Disassembling an executable is trivial to do. Everything is open source if you can read assembly. Obfuscation be damned.
Well decompiling is only one step in the reverse engineering process. I would recommend taking a look at the Legend of Zelda: Ocarina of Time decompile projects. They reversed engineered the whole thing, which took years and was a team effort.
In the end they got perfectly readable source code, fully documented. And the most amazing thing is, when compiled with the right compiler and right flags, it recreates the original rom perfectly.
I would also recommend a YouTuber called Kaze. He's been working on Mario 64 for years, re-writing large parts of the engine to get some pretty cool stuff going.
The hard part isn't reading assembly. The hard part is figuring out why it's doing what it's doing with no comments or function names or anything useful to help.
This is like saying if you can read English you can understand an advanced math or physics paper written in English without having any knowledge or context of those subjects.
I've used a decompiler to peek at the source code of an app written in Visual Basic I wanted to recreate as a browser addon. It was mostly successful but some variable and function names were messed up.
Variable names, class names, package structure, method names, etc. won't normally be maintained in the disassembled code. They are meaningless to the CPU, and just a series of memory addresses. In cases where you have method names being mentioned, it's likely a syscall, and it's calling a method from an existing library. I'm not familiar with VB, but at least in .Net and .Net Framework, this would be something like the System.Collections.Generic providing the implementation for List and when .Sort() is called, it makes the syscall to that compiled .dll.

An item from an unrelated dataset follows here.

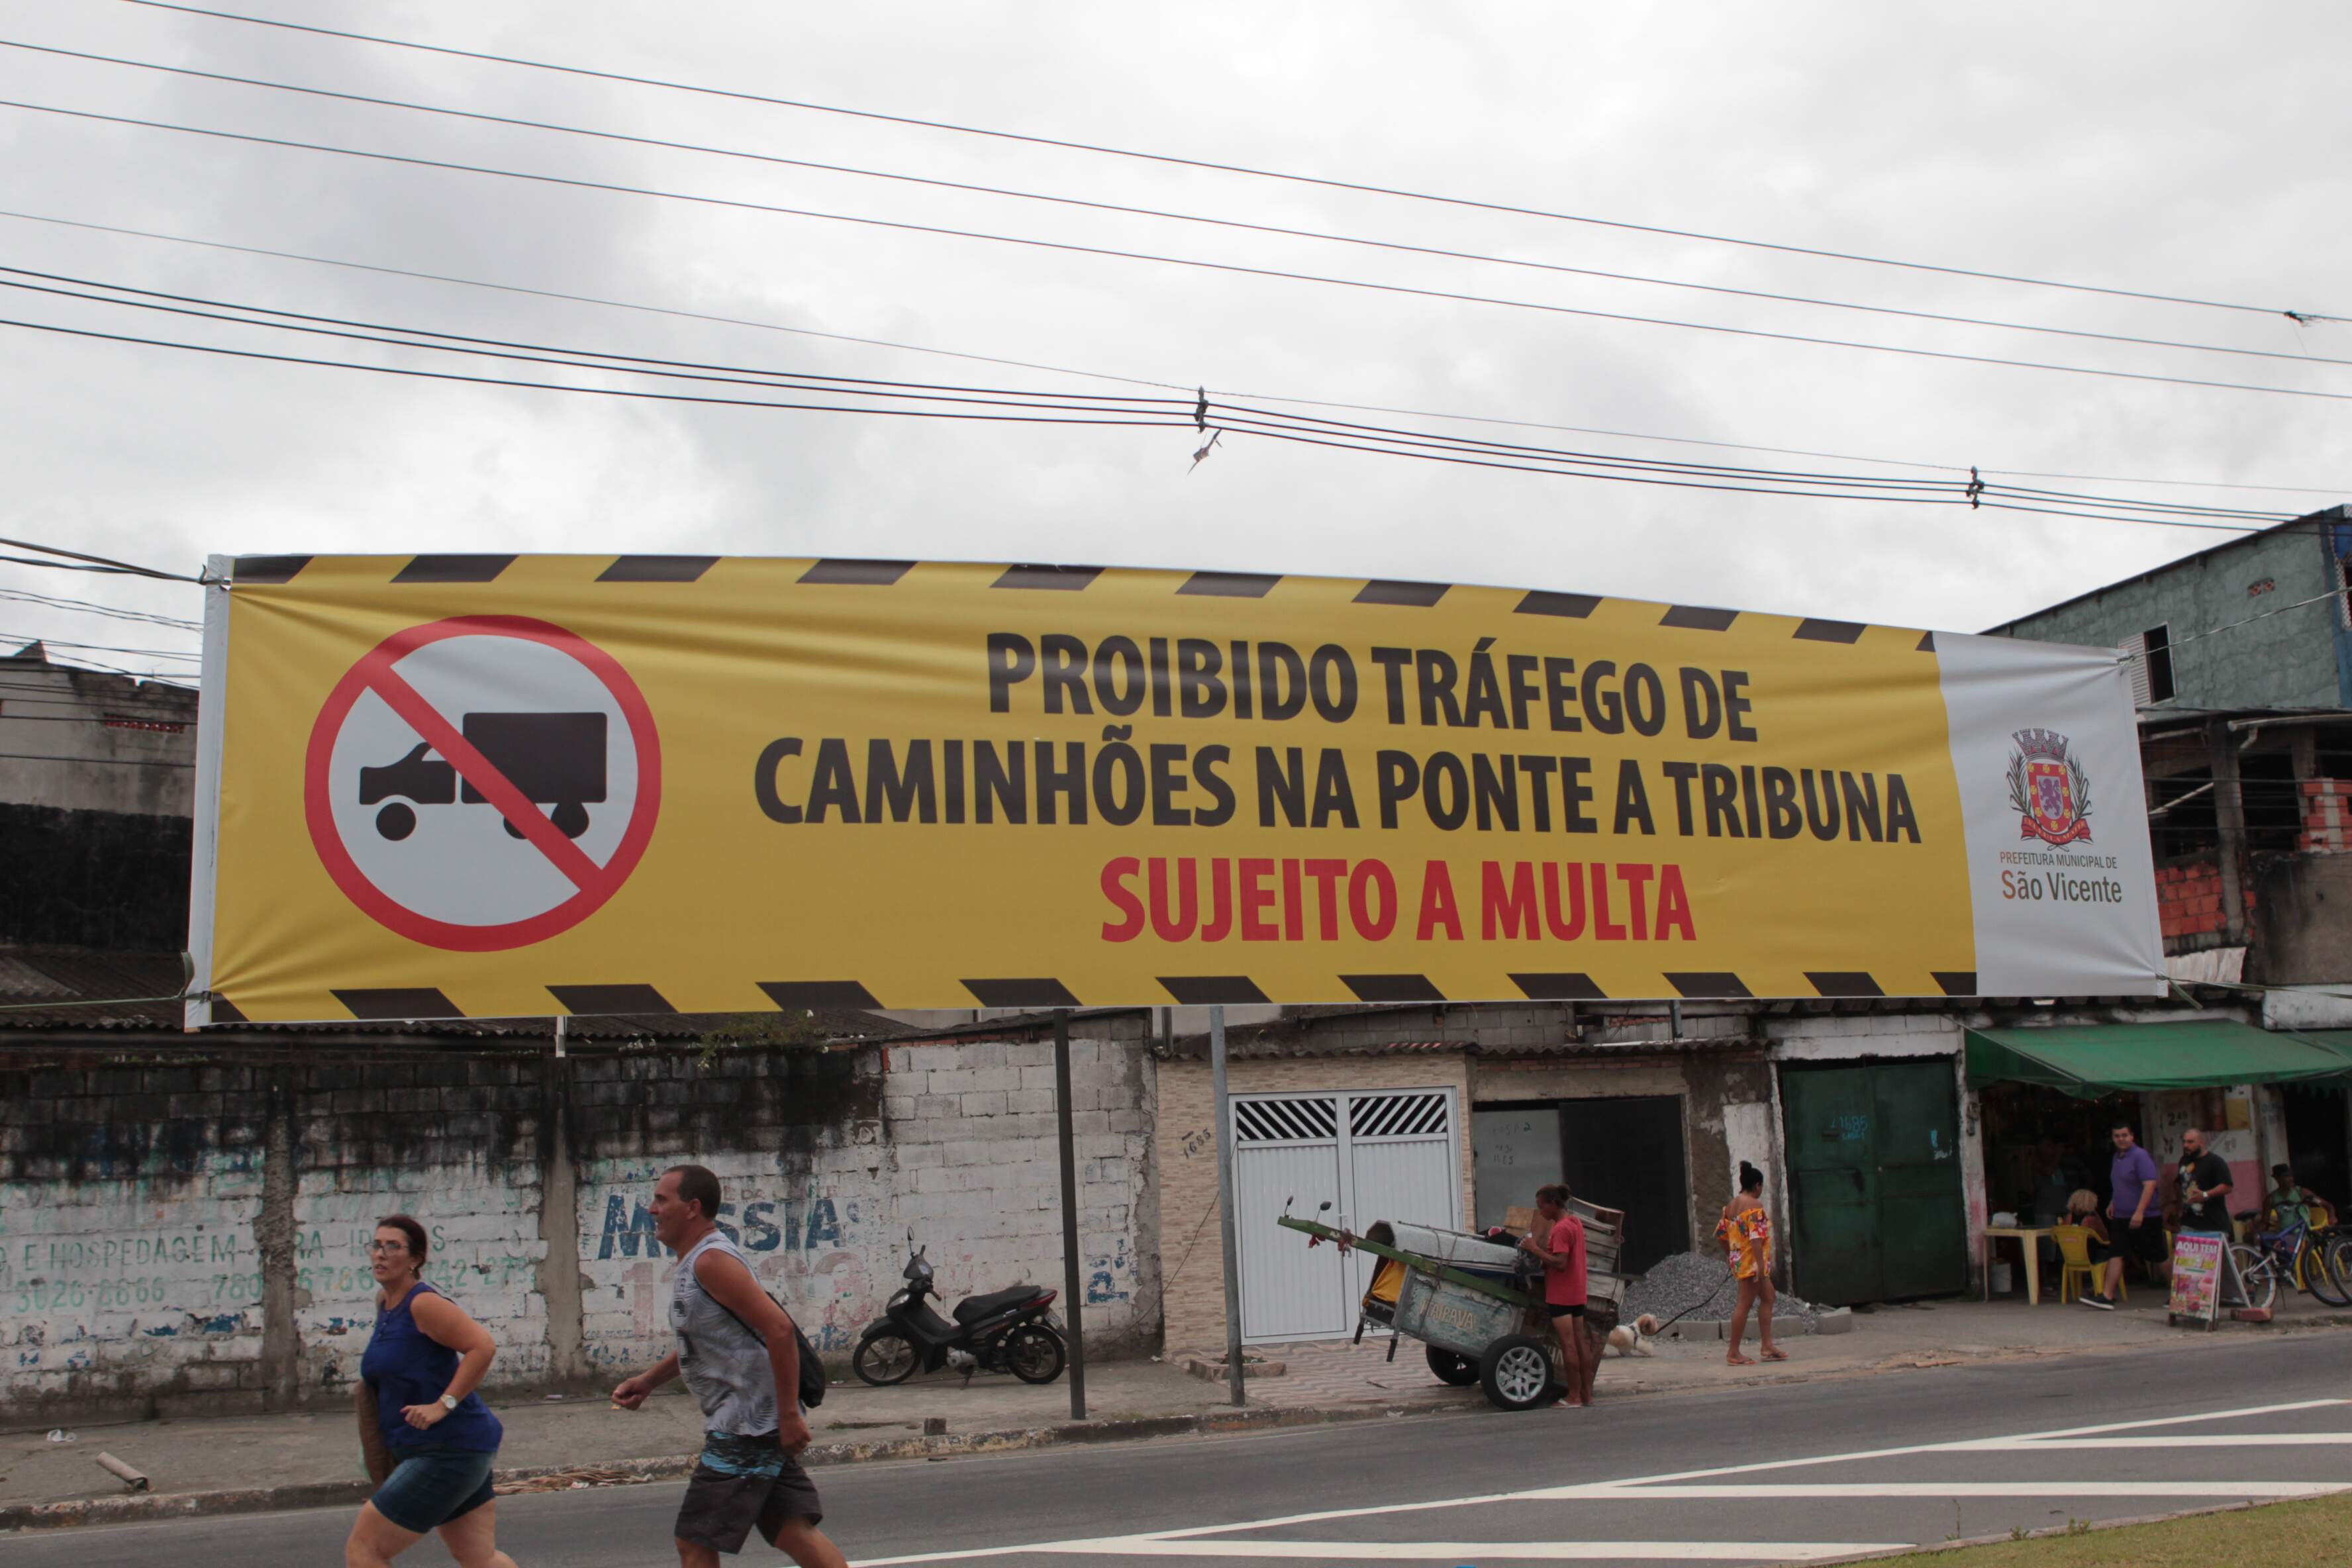 Prefeitura de São Vicente instalou uma faixa no local para alertar aos caminhões sobre proibição

You could chuck it at an AI to reverse compile it into something readable.
Instead of just getting the down votes, I'll explain why that wouldnt work.
Lastly, other comments have pointed out decompiled code is extremely expensive to analyze. The output from whatever we decompile would easily exceed the input limits for all existing LLMs.
Thanks. I was thinking that you could have an AI "looking over the shoulder" of a compiler, seeing what comes out for the code going in to it. Basically training it to spot sequences in compiled code in order to guess the instructions that compiled into that code.